Gerald Lankester Harding's Burial Place – Jarash, Jordan - Atlas Obscura

Gerald Lankester Harding's Burial Place

Jarash, Jordan

The 20th-century archaeologist was interred among the ruins of an ancient Roman city. 


Within one of the world’s most spectacular ancient sites lies a small, humble tomb. Unlike most tombs in such sites, it does not contain a long-dead monarch, emperor, or any other character from the distant past. Instead, it houses a 20th-century man whose passion for ancient history and its protection earned him a spot overlooking the site of his former work.

Gerald Lankester Harding, or G.L. Harding, was born on December 8, 1901, in Tientsin, China. After a brief time in Singapore, he ventured to the United Kingdom in 1913 and eventually fell into the world of archaeology, joining his first expedition to Palestine in 1926.

Harding’s influence on Jordan should not be underestimated. He was responsible for founding the Archaeological Museum in Amman and the still-running journal The Annual of the Department of Antiquities of Jordan. He also published The Antiquities of Jordan, an overview of the many archaeological sites of Jordan that remained the most popular guidebook to Jordan for decades.

Harding died on February 11, 1979, in London, and had previously requested to be interred at the Jerash Archaeological Site, where he worked. The Kingdom of Jordan honored his request, and his ashes were sent to be buried overlooking the site he spent so much time protecting.

His remains were interred at a spot called the Mortuary Church, which dates back to between 600 and 749 and is surrounded by a number of small tombs. Harding’s memorial is a simple, peaceful place in an incredible ancient Roman site that he is partially responsible for excavating and maintaining. After a life devoted to the ancient world, Harding himself has become part of the storied history of its ruins, and will forever rest among them.

Know Before You Go

Visitors should be aware that it can be challenging to reach.
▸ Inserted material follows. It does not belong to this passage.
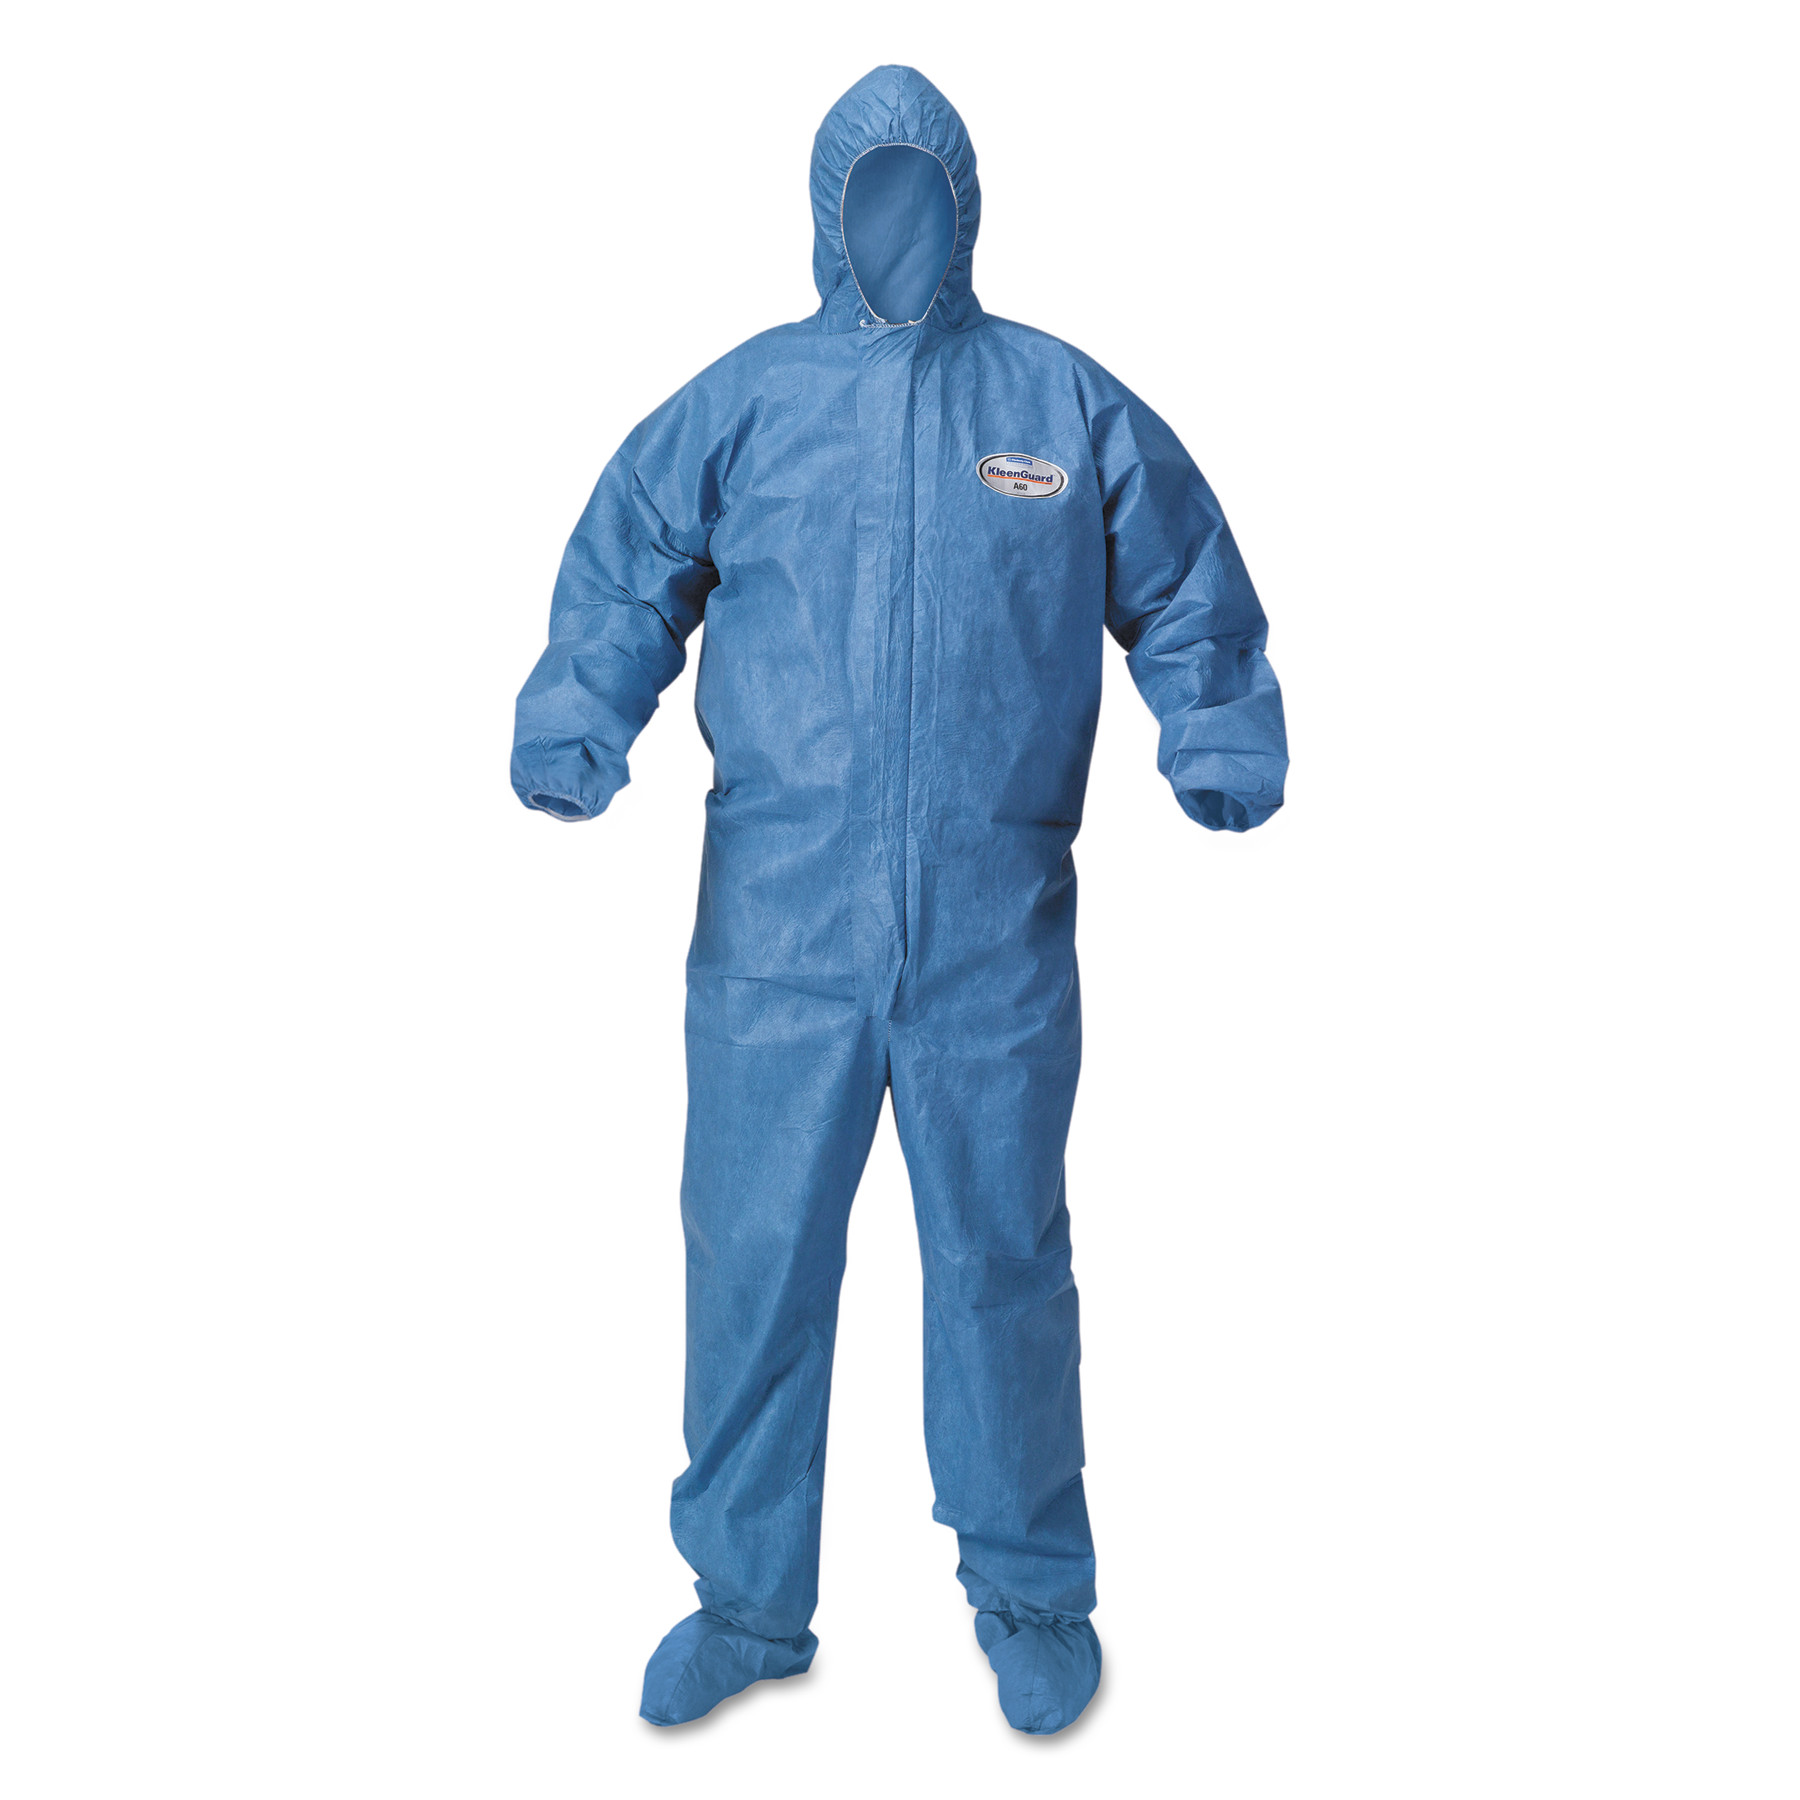 A60 Blood and Chemical Splash Protection Coveralls, 3X-Large, Blue, 20/Case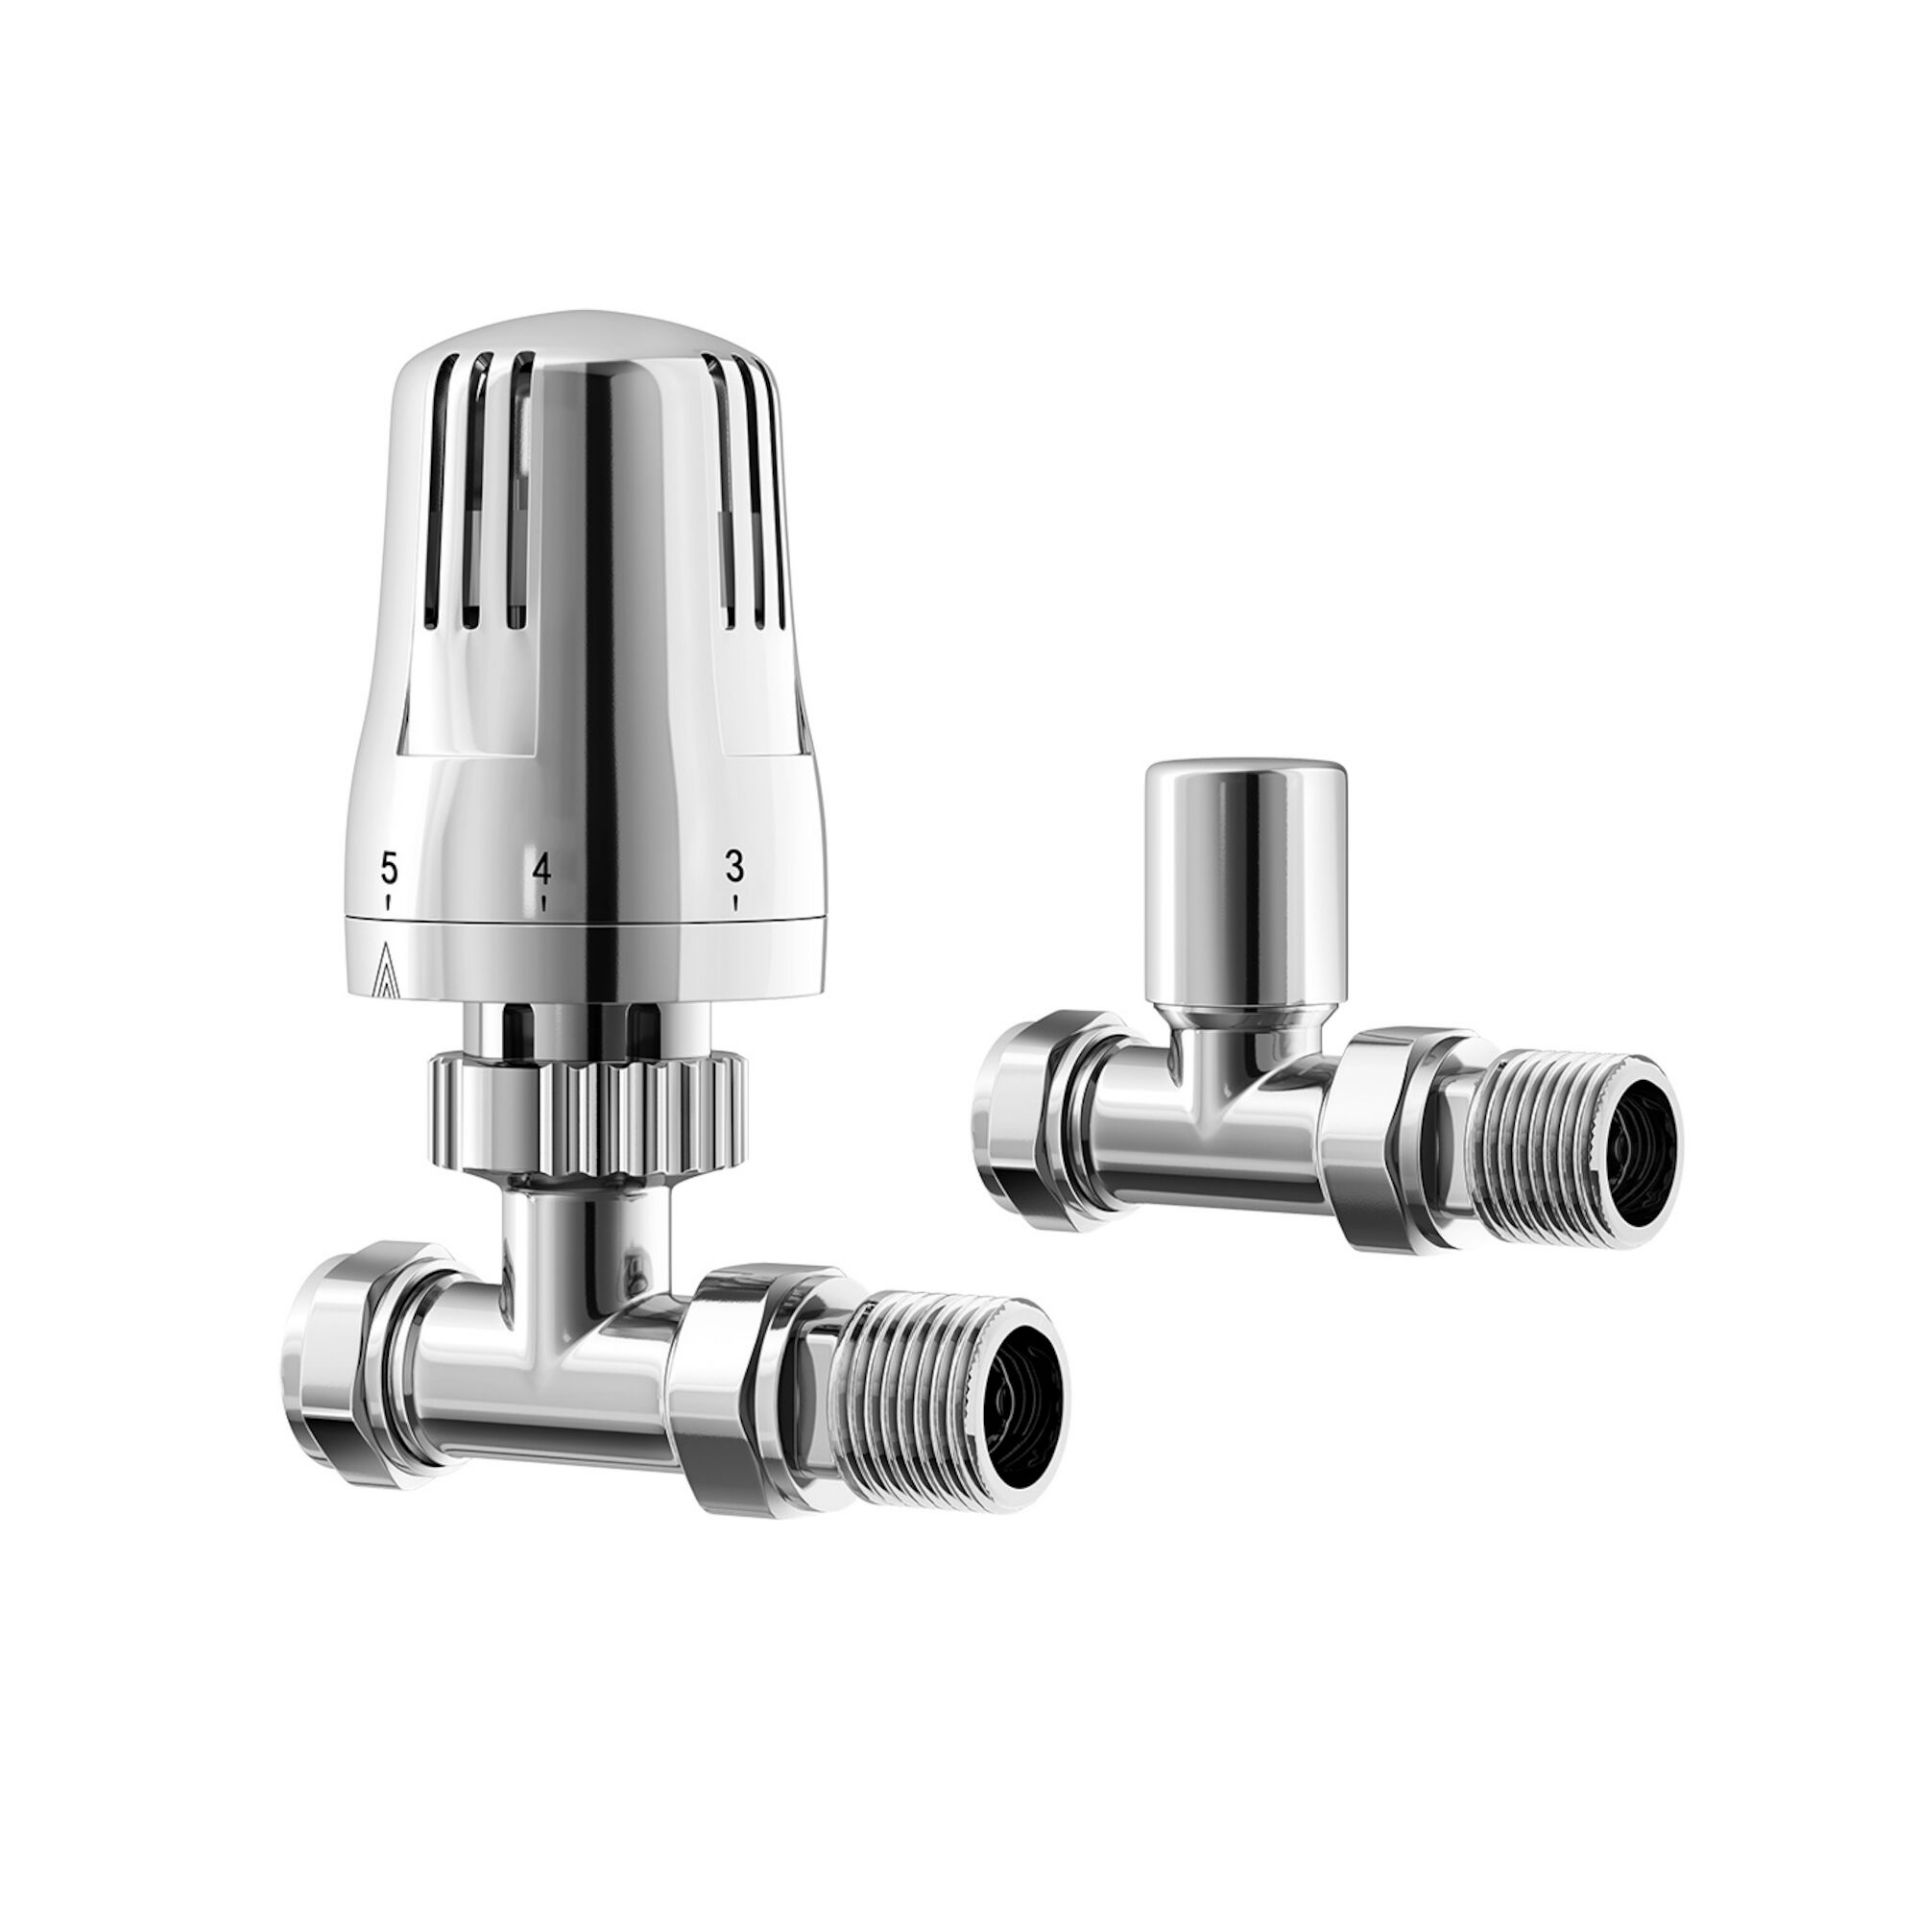 (EE1006) 15mm Standard Connection Thermostatic Straight Chrome Radiator Valves Chrome Plated S... - Image 2 of 3

There are no direct paths there, and given its isolated location within the Jerash site, it has very few visitors. Expect to fight your way through tangled sticks and long grass to get there. It is in between the Temple of Zeus and the Temple of Artemis. The easiest way to find it might be to walk along the border of the site from one temple to the other. The mortuary church is below ground level, so visitors will not see it until you are within a few meters.

From either the Temple of Artemis, Temple of Zeus, or the main walking area, the site can be visited in 5 to 15 minutes depending on fitness, terrain, and clothing. The Jerash Archaeological Site is included in the Jordan Pass.